_Exercise brief_
The result should be the listing below, restated exactly, with its pictures left out.

_Source material_
╭──
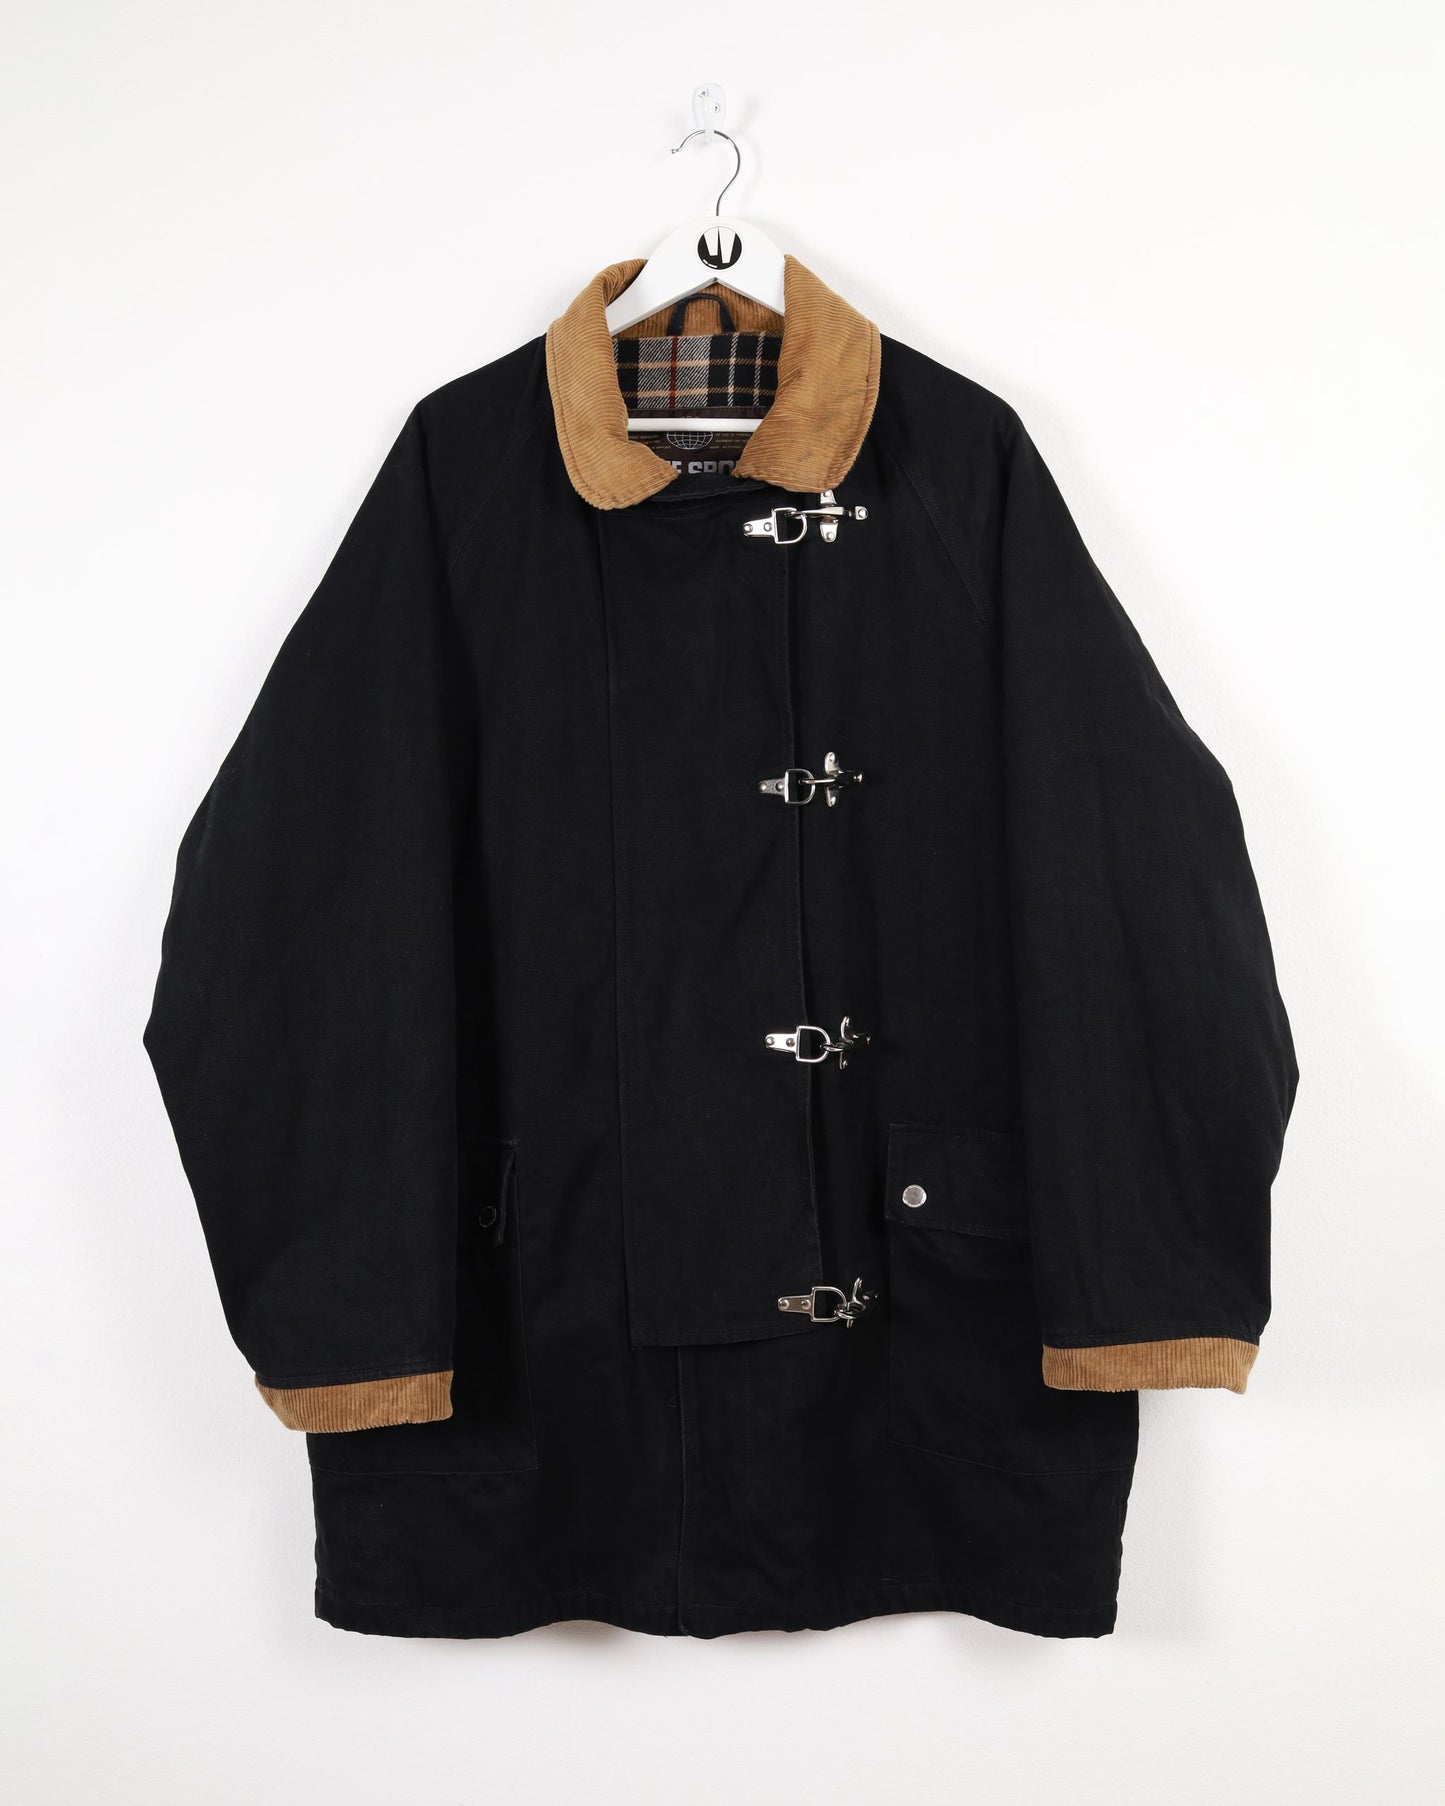 O’Kief Sport Buckle Jacket with Corduroy Neck Flaps and Sleeve, Black XL
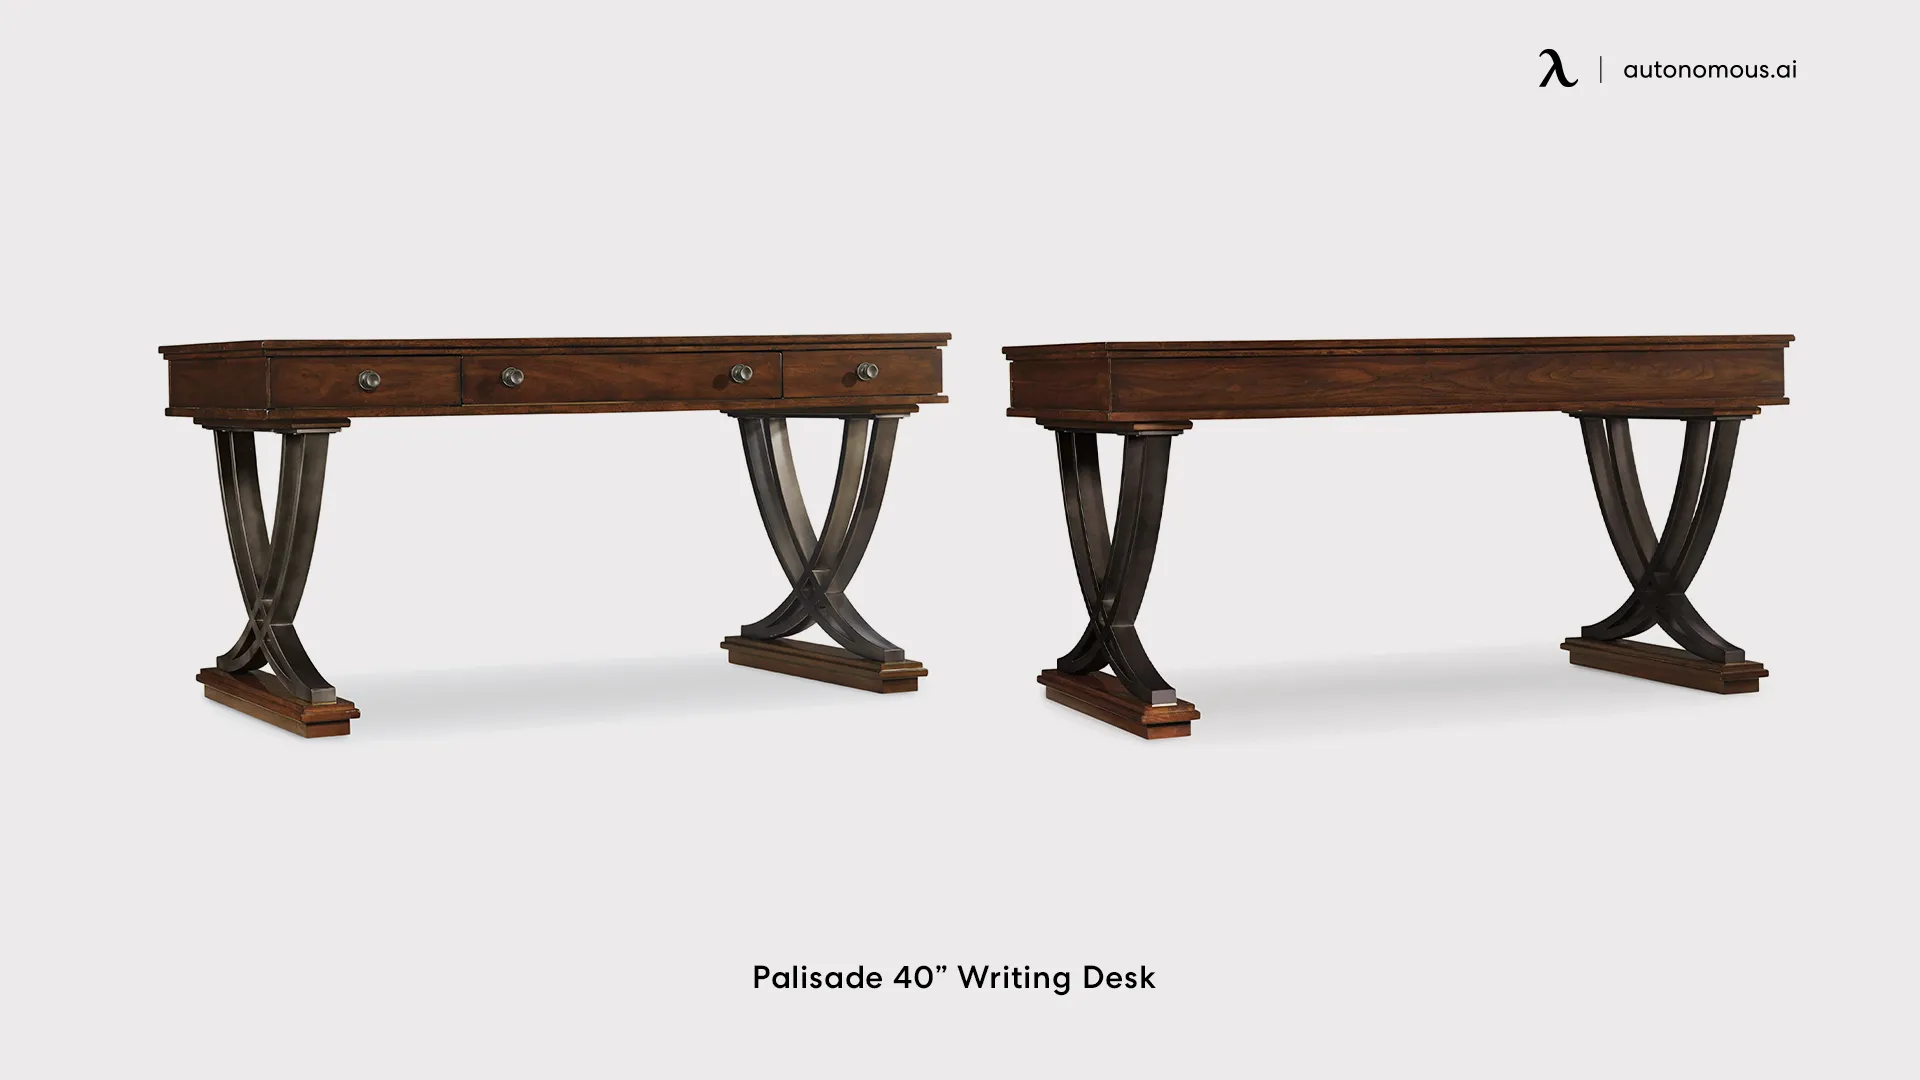 Palisade 40” Writing Desk
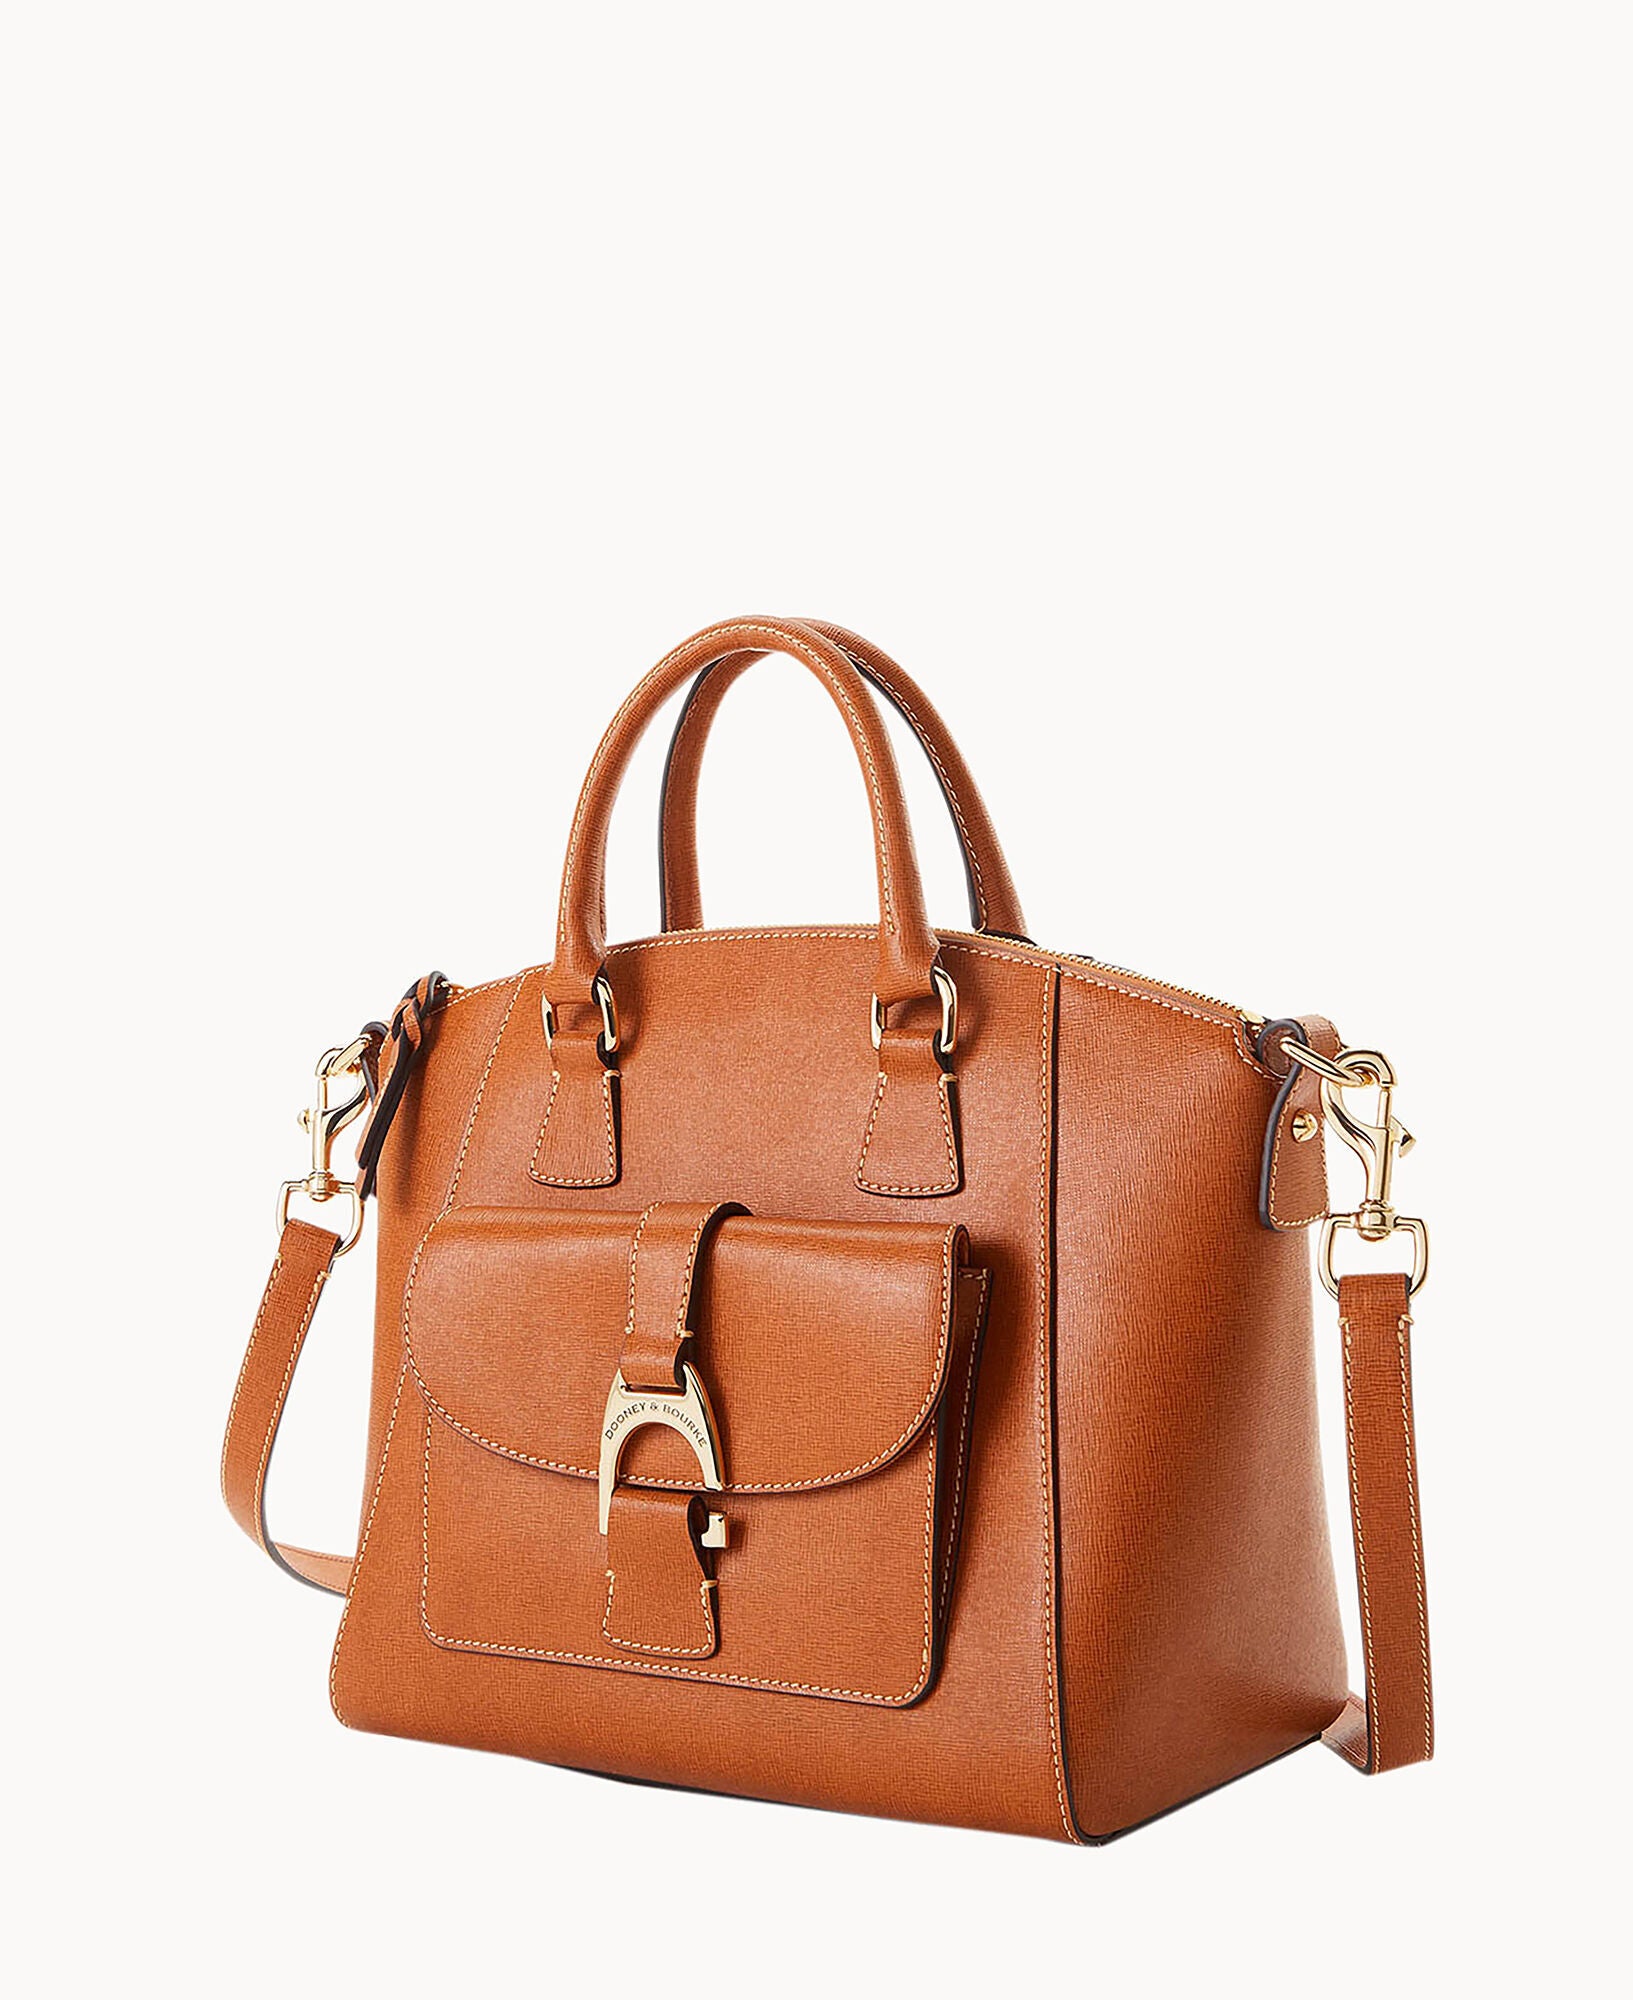 Dooney & Bourke Florentine Large Satchel Handbag
╰──
_Response to this task_
 O’Kief Sport Buckle Jacket with Corduroy Neck Flaps and Sleeve, Black XL
 Palisade 40” Writing Desk
 Dooney & Bourke Florentine Large Satchel Handbag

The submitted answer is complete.